*** DATA FOR REVIEW Section Begins ***

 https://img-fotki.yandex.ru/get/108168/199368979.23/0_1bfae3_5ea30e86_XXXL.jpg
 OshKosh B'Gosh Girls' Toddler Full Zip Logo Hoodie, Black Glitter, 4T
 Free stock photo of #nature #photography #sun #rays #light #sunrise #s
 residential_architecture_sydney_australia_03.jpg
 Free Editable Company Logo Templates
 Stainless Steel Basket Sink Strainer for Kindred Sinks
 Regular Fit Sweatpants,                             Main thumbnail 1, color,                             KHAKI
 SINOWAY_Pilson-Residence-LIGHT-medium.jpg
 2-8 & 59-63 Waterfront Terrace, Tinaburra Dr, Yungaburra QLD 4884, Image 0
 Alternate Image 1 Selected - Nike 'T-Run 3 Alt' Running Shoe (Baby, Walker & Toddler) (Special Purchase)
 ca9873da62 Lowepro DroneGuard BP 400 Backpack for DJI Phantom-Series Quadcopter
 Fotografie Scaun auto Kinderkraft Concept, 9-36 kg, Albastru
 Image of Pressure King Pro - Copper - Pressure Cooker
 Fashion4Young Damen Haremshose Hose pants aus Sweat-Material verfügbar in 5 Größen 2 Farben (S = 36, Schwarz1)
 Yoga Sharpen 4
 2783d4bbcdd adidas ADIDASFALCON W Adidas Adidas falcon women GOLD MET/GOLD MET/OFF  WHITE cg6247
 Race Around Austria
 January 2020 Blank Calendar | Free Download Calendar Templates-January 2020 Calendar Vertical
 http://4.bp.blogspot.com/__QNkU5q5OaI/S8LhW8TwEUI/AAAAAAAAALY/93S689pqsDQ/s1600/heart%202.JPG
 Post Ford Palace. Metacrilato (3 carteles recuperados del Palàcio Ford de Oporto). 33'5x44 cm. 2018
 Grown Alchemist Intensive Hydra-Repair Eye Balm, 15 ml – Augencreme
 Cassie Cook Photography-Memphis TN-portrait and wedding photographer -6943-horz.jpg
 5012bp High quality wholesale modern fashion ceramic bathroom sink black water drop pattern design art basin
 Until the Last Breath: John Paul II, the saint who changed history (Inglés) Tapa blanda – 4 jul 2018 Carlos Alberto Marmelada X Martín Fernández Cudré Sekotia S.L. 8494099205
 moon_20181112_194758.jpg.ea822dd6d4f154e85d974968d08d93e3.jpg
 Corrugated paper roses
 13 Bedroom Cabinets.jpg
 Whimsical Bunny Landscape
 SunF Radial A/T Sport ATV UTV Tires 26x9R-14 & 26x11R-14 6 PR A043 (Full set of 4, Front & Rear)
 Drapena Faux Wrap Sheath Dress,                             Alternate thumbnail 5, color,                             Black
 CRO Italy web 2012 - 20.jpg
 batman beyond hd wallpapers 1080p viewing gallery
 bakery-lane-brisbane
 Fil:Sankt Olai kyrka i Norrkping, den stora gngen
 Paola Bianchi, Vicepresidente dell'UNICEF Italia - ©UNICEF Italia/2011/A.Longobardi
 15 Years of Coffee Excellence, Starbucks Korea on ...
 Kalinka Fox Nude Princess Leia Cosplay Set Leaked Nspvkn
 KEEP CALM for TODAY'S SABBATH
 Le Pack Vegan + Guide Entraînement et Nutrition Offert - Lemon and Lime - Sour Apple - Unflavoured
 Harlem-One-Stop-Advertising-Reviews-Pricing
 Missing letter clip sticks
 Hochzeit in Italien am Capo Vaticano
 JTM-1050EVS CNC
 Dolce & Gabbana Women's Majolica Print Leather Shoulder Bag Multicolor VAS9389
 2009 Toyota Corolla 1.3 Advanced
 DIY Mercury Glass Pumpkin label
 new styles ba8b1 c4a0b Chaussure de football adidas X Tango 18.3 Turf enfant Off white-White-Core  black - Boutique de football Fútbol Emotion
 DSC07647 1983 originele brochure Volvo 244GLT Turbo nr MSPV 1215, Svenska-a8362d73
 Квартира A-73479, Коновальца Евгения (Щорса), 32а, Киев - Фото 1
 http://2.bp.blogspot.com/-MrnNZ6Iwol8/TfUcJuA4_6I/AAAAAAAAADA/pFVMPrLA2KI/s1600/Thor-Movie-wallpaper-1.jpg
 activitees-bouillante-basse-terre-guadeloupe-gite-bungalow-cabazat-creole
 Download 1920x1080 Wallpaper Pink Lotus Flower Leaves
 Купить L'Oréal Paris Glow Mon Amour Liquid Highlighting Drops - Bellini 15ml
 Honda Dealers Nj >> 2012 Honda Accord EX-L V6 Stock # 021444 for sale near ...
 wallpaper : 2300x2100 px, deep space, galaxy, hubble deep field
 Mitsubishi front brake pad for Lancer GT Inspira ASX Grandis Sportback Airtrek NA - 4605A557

*** DATA FOR REVIEW Section Ends ***

§ **WHAT NEEDS TO BE DONE**
Quote every line of the records above, from the first down to the one holding "Cassie Cook Photography-Memphis", exactly as written.

§ **RESPONSE BOX**
 https://img-fotki.yandex.ru/get/108168/199368979.23/0_1bfae3_5ea30e86_XXXL.jpg
 OshKosh B'Gosh Girls' Toddler Full Zip Logo Hoodie, Black Glitter, 4T
 Free stock photo of #nature #photography #sun #rays #light #sunrise #s
 residential_architecture_sydney_australia_03.jpg
 Free Editable Company Logo Templates
 Stainless Steel Basket Sink Strainer for Kindred Sinks
 Regular Fit Sweatpants,                             Main thumbnail 1, color,                             KHAKI
 SINOWAY_Pilson-Residence-LIGHT-medium.jpg
 2-8 & 59-63 Waterfront Terrace, Tinaburra Dr, Yungaburra QLD 4884, Image 0
 Alternate Image 1 Selected - Nike 'T-Run 3 Alt' Running Shoe (Baby, Walker & Toddler) (Special Purchase)
 ca9873da62 Lowepro DroneGuard BP 400 Backpack for DJI Phantom-Series Quadcopter
 Fotografie Scaun auto Kinderkraft Concept, 9-36 kg, Albastru
 Image of Pressure King Pro - Copper - Pressure Cooker
 Fashion4Young Damen Haremshose Hose pants aus Sweat-Material verfügbar in 5 Größen 2 Farben (S = 36, Schwarz1)
 Yoga Sharpen 4
 2783d4bbcdd adidas ADIDASFALCON W Adidas Adidas falcon women GOLD MET/GOLD MET/OFF  WHITE cg6247
 Race Around Austria
 January 2020 Blank Calendar | Free Download Calendar Templates-January 2020 Calendar Vertical
 http://4.bp.blogspot.com/__QNkU5q5OaI/S8LhW8TwEUI/AAAAAAAAALY/93S689pqsDQ/s1600/heart%202.JPG
 Post Ford Palace. Metacrilato (3 carteles recuperados del Palàcio Ford de Oporto). 33'5x44 cm. 2018
 Grown Alchemist Intensive Hydra-Repair Eye Balm, 15 ml – Augencreme
 Cassie Cook Photography-Memphis TN-portrait and wedding photographer -6943-horz.jpg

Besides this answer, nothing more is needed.